Quizá sea un “capricho de la historia”, como recordó Goebbels con inquietud, pero era exactamente la misma fecha en la cual Napoleón y su Ejército habían avanzado sobre Rusia, marcando el comienzo de la declinación del emperador francés. La invasión de 1941 significó el traslado de Hitler desde Berlín a la “Guarida del Lobo”, donde permanecería más de tres años. Ante los alemanes, la lucha contra la Unión Soviética se presentó como una “guerra preventiva”, para evitar la amenaza que representaban los bolcheviques para Alemania y Europa: “La razón de que yo haga daño ahora a los rusos es que si no ellos me lo harían a mí”. Los éxitos iniciales llevaron a Hitler a su momento de mayor poder y de control superior más amplio que hubiera tenido hasta entonces algún gobernante del continente.

Stalin invadido

No cabe duda que la Unión Soviética se vio sorprendida por la invasión y que no estaba preparada para enfrentar una guerra contra un enemigo del prestigio militar de que tenía Alemania. Adicionalmente, durante las purgas de Stalin –quien había gobernado con mano de hierro desde la muerte de Lenin en 1924–, el Ejército Rojo también se había visto mermado, con la ejecución del mariscal Tujachevsky, por una conspiración trotskista anti-soviética, que era una fórmula genérica que se utilizaba muchas veces para atacar a los adversarios políticos fuera y dentro de la esfera bolchevique.

Muchas veces se ha dicho que Stalin cayó en una especie de postración tras la invasión de Hitler, que habría quedado anonadado y sin capacidad de reacción. Así lo planteó en alguna medida el propio Nikita Kruschev en su famoso discurso al XX Congreso del Partido Comunista de la Unión Soviética en 1956, al afirmar que Stalin no se convenció en un principio que la guerra había comenzado o bien que se trataba de un ataque de grupos descolgados del ejército alemán. Sin embargo, como explica Robert Service en Stalin. Una biografía (Madrid, Siglo XXI, 2006), la agenda del dictador muestra que no cayó en la pasividad, lo que ilustra también con una referencia que el propio Molotov explicaba de la siguiente manera: “No se puede decir que se hubiera derrumbado; sin duda estaba sufriendo, pero no lo demostraba. Claro que tenía sus dificultades. Sería estúpido sostener que no sufría. Pero no se lo representa tal como realmente era… ¡se lo representa como un pecador arrepentido! Por supuesto, esto es absurdo. Todos esos días con sus noches, como siempre, siguió trabajando; no tenía tiempo para desfallecer ni para perder el don de la palabra”.

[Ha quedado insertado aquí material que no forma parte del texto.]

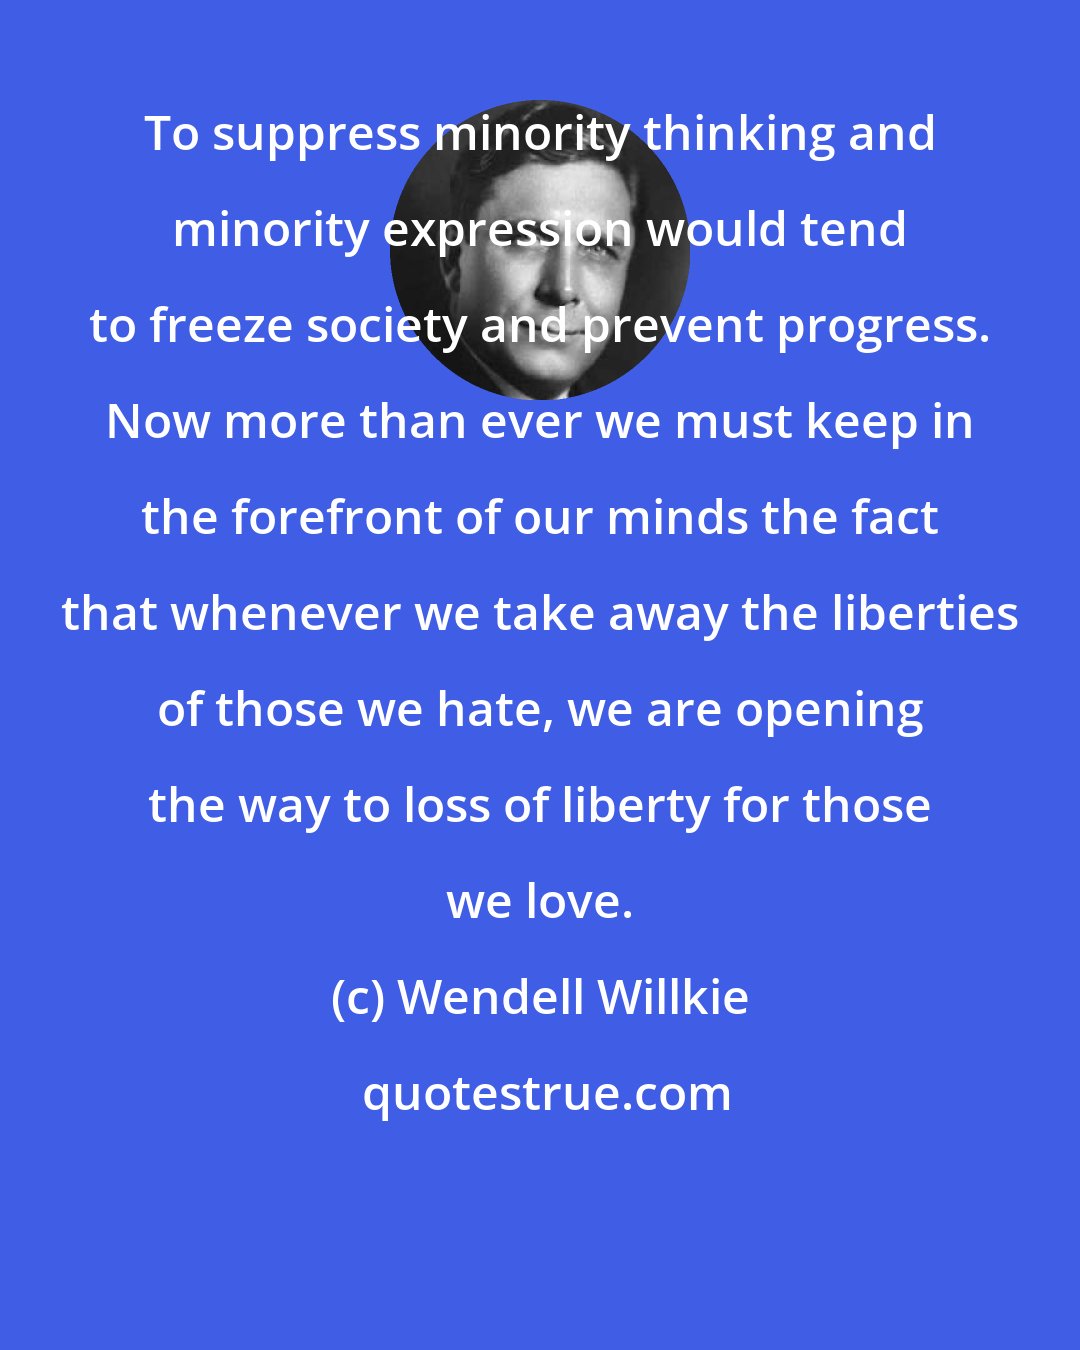 Wendell Willkie: To suppress minority thinking and minority expression would tend to freeze society and prevent progress. Now more than ever we must keep in the forefront of our minds the fact that whenever we take away the liberties of those we hate, we are opening the way to loss of liberty for those we love.

Aunque efectivamente había recibido “en silencio” la noticia de la declaración de guerra por parte de Alemania, y parecía “consternado, cansado y deprimido”, lo cierto es que rápidamente recuperó el sentido del momento histórico y de su propia responsabilidad, asegurando sin vacilaciones: “El enemigo será vencido por completo” (en Ian Kershaw, Decisiones trascendentales). Desde entonces en adelante, comenzaría la guerra de dos colosos, aunque Alemania tenía que enfrentar el problema adicional de tener abiertos dos frentes de batalla.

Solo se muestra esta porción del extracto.